WHAT YOU NEED TO DO —
Below are lines of records; copy exactly those from the one containing "The Successful Examinees" through the one containing "Holman Reference Collection (93 vols.)", leaving the pictures behind.

INFORMATION —
■ ■ ■ ■ ■
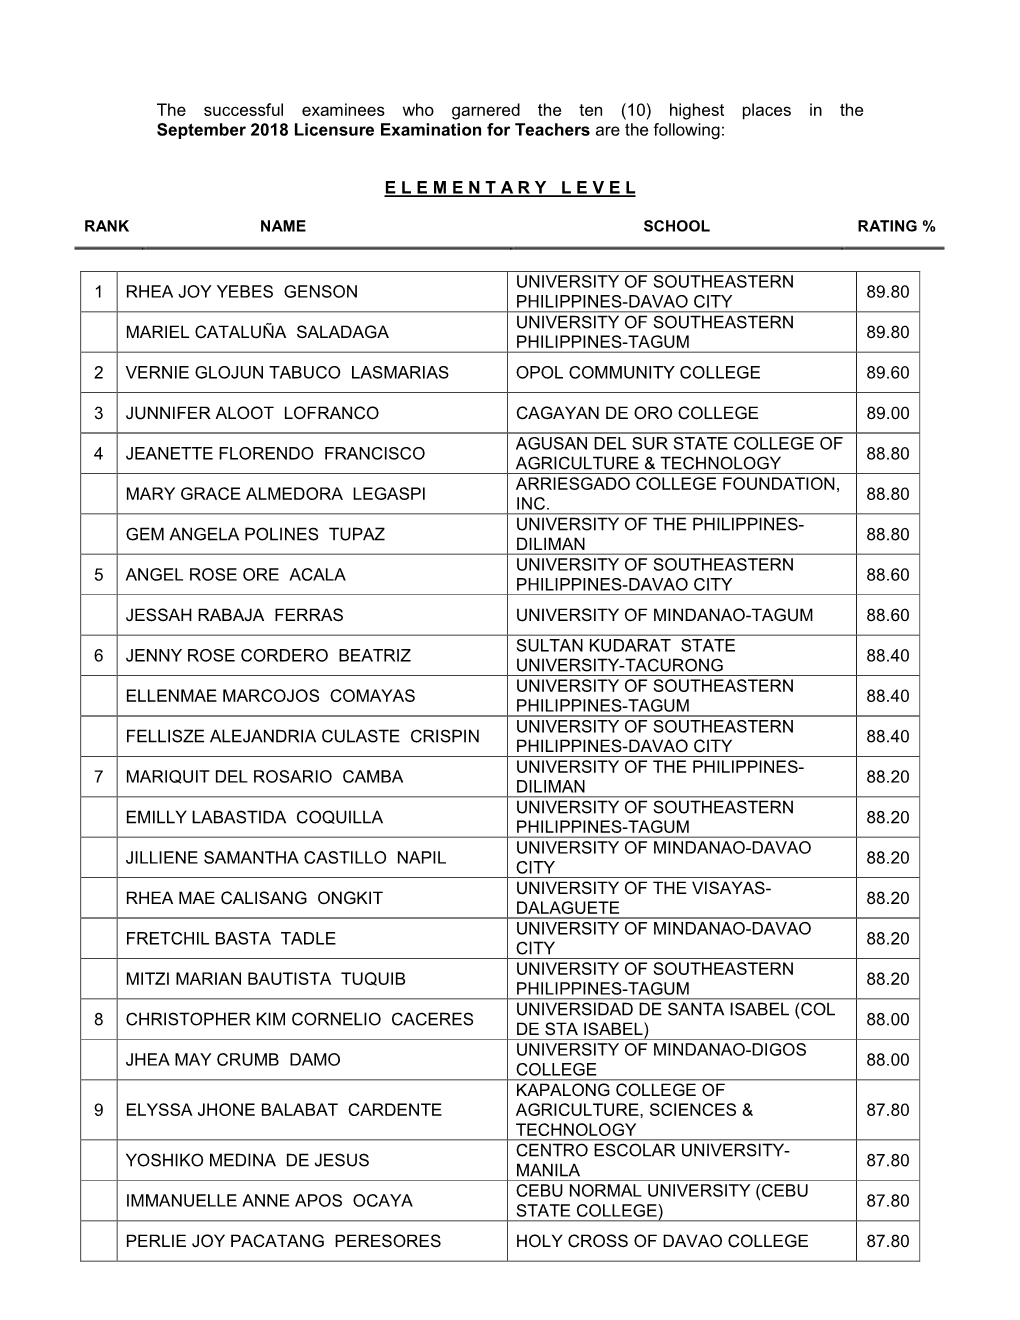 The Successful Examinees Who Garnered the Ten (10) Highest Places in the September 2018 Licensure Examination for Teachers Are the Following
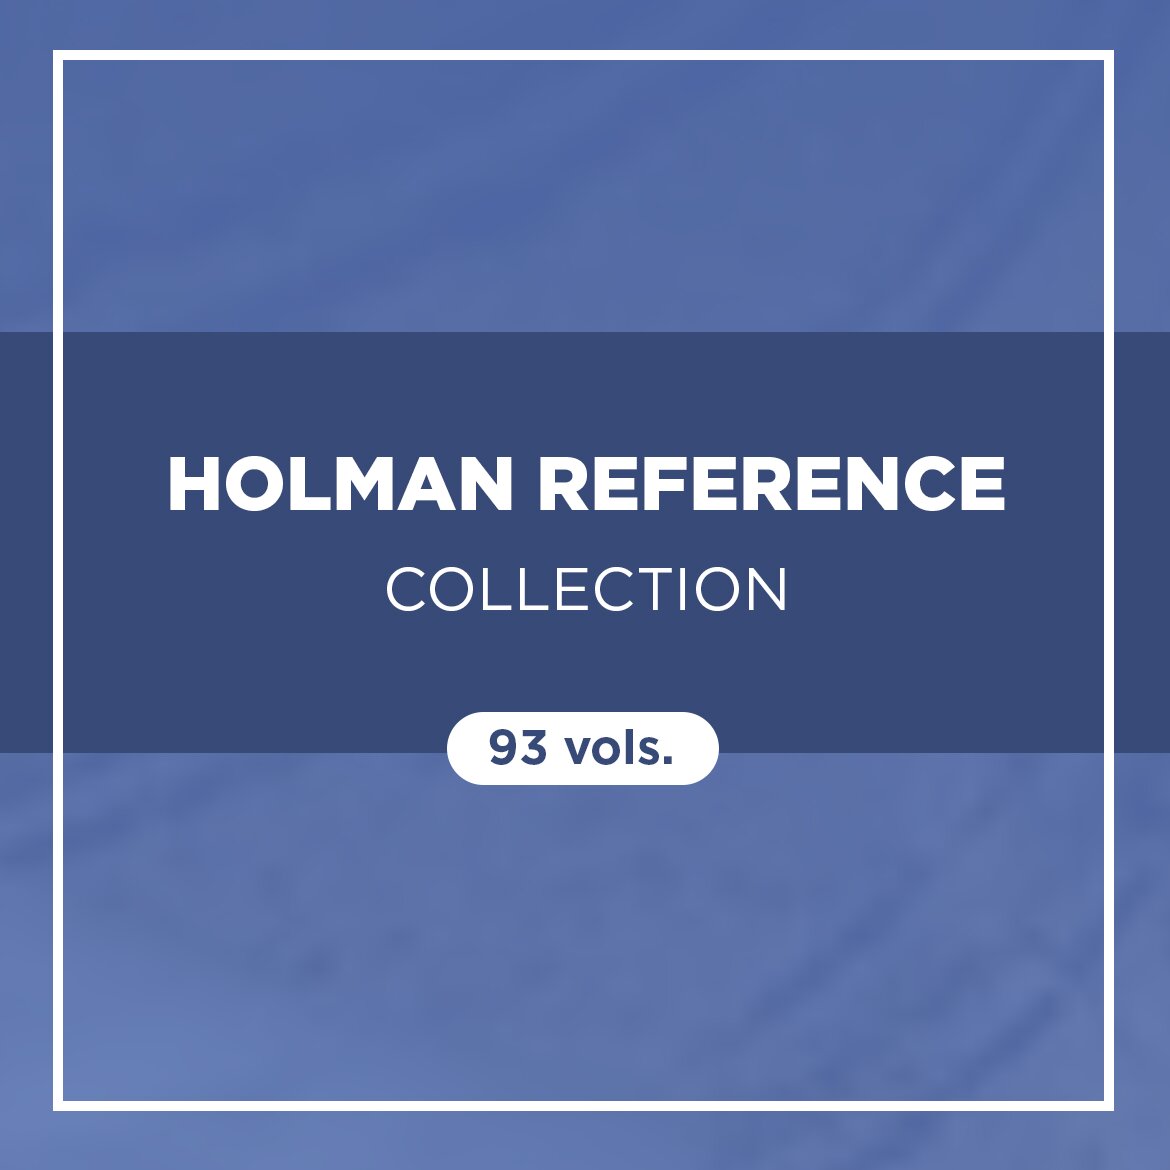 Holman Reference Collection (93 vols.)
■ ■ ■ ■ ■
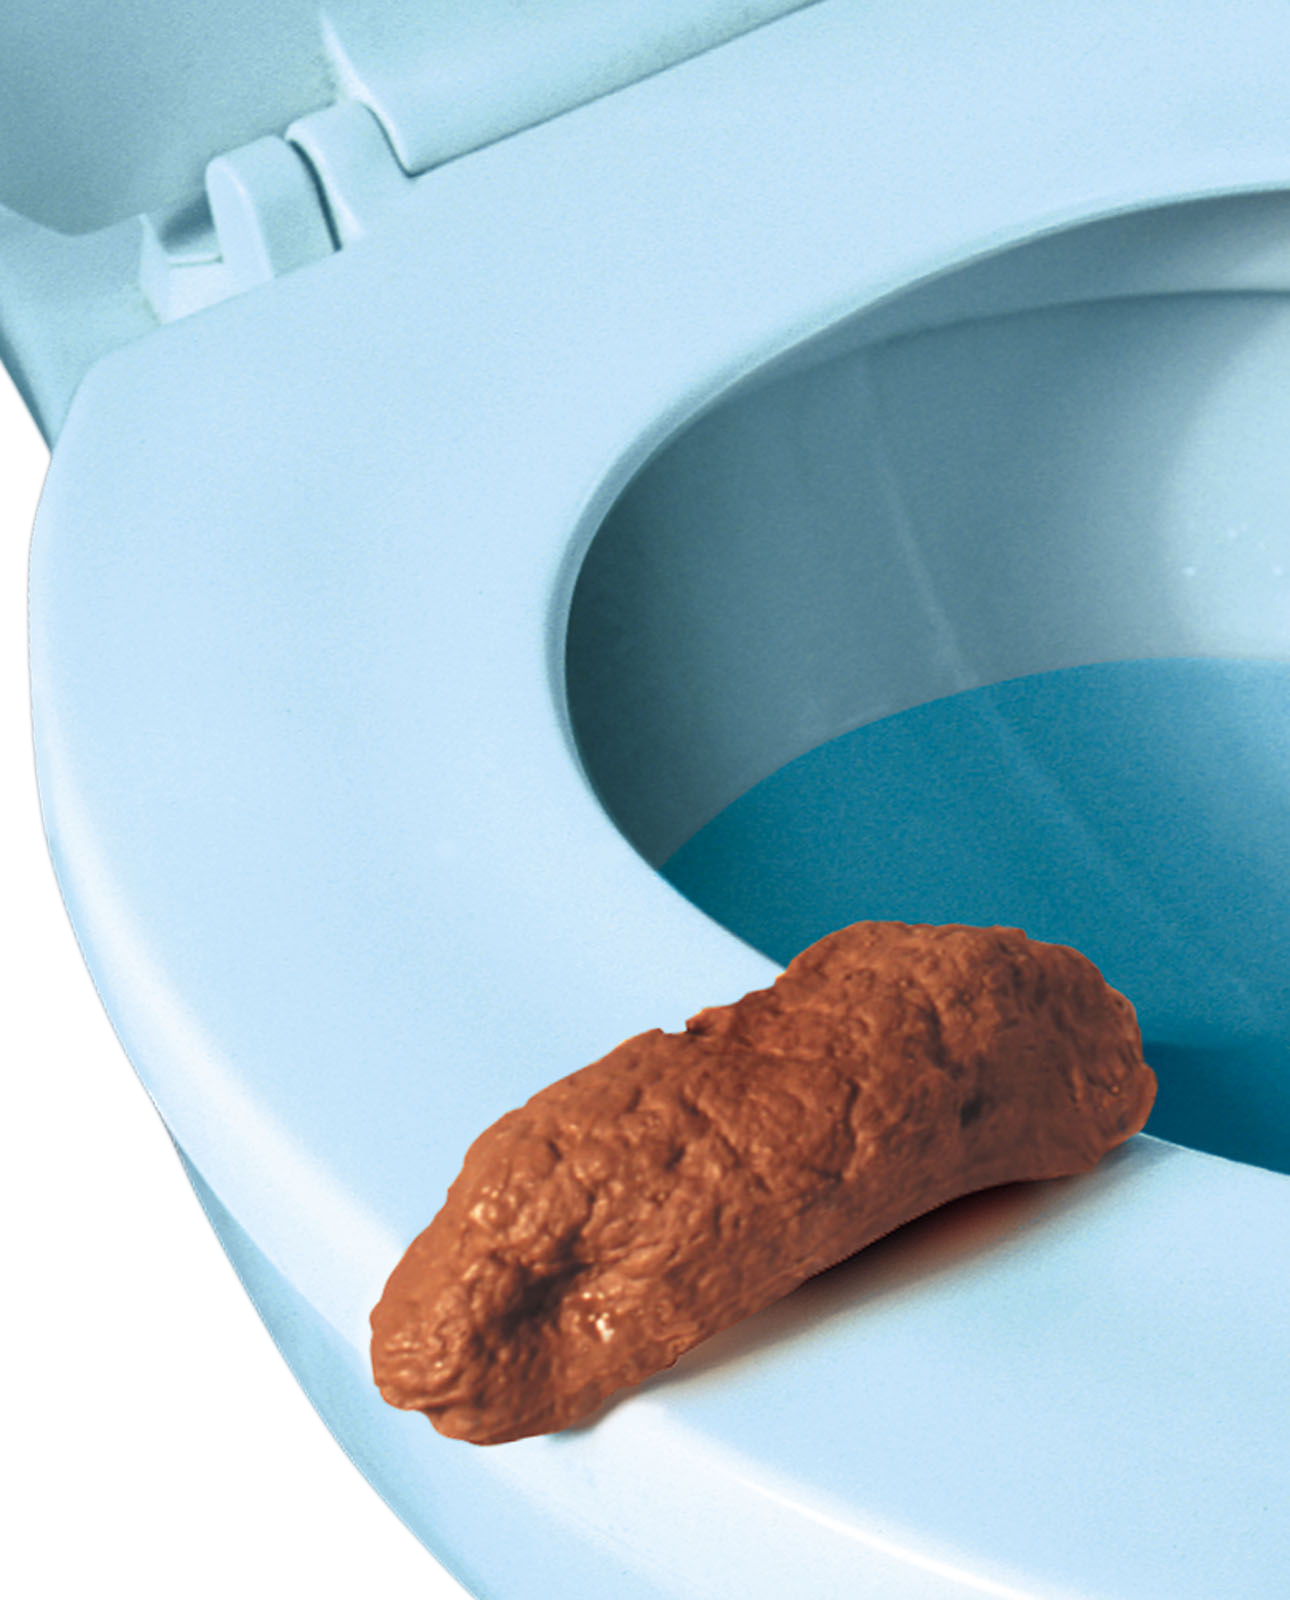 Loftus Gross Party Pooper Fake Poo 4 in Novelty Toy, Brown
■ ■ ■ ■ ■
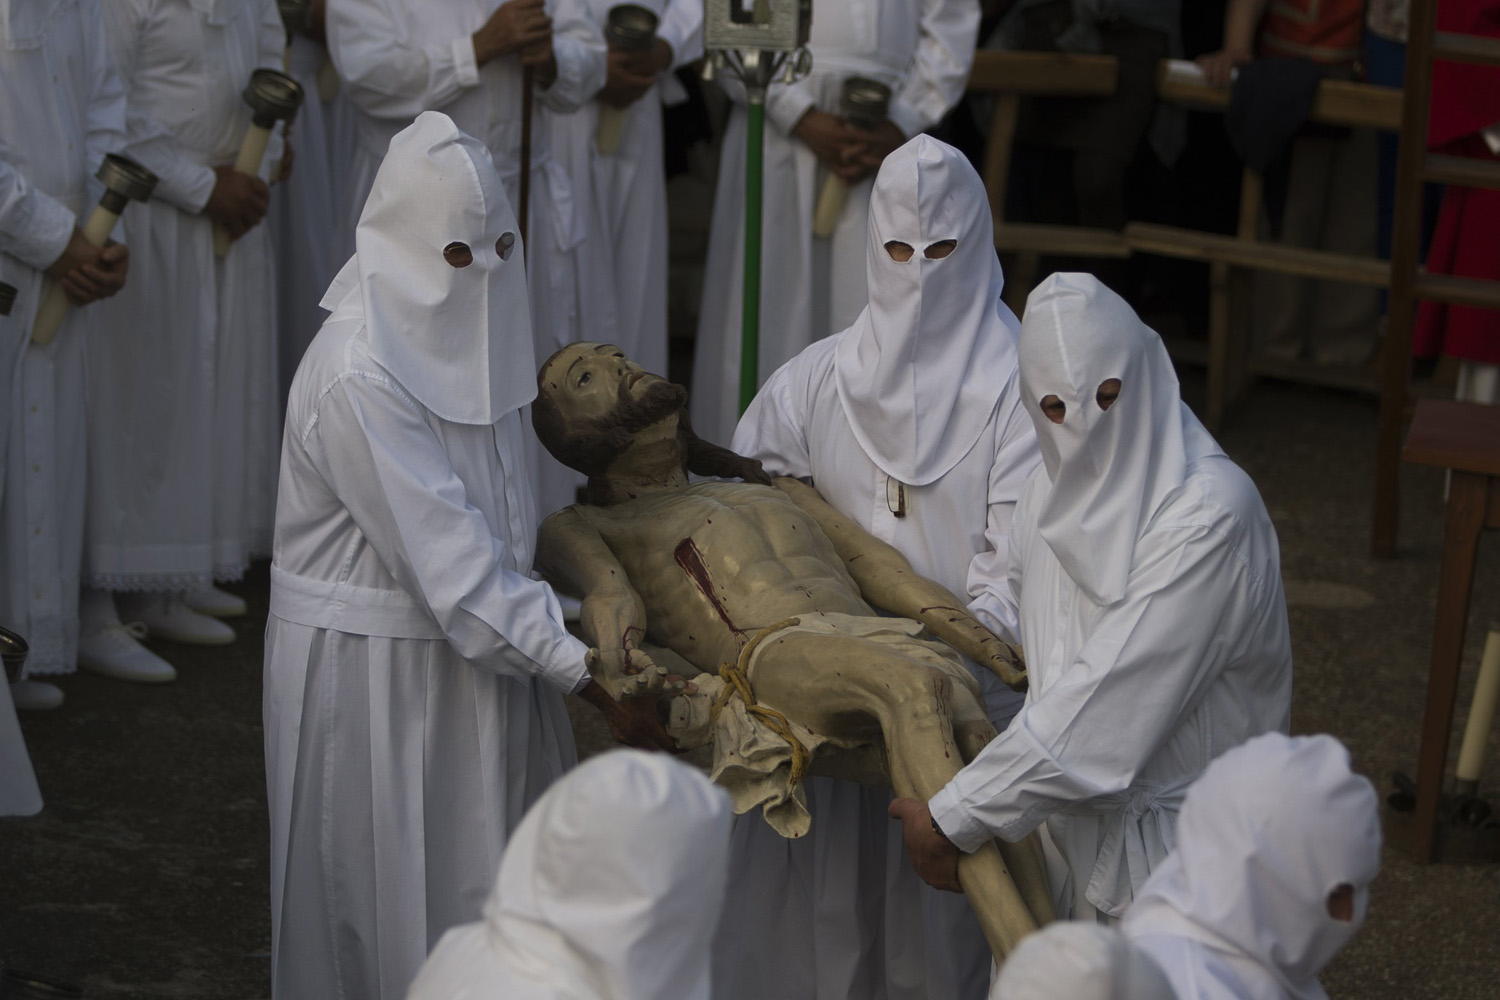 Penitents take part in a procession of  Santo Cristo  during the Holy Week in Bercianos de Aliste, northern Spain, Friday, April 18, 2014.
■ ■ ■ ■ ■
SOLUTION FOR THIS PROBLEM —
 The Successful Examinees Who Garnered the Ten (10) Highest Places in the September 2018 Licensure Examination for Teachers Are the Following
 Holman Reference Collection (93 vols.)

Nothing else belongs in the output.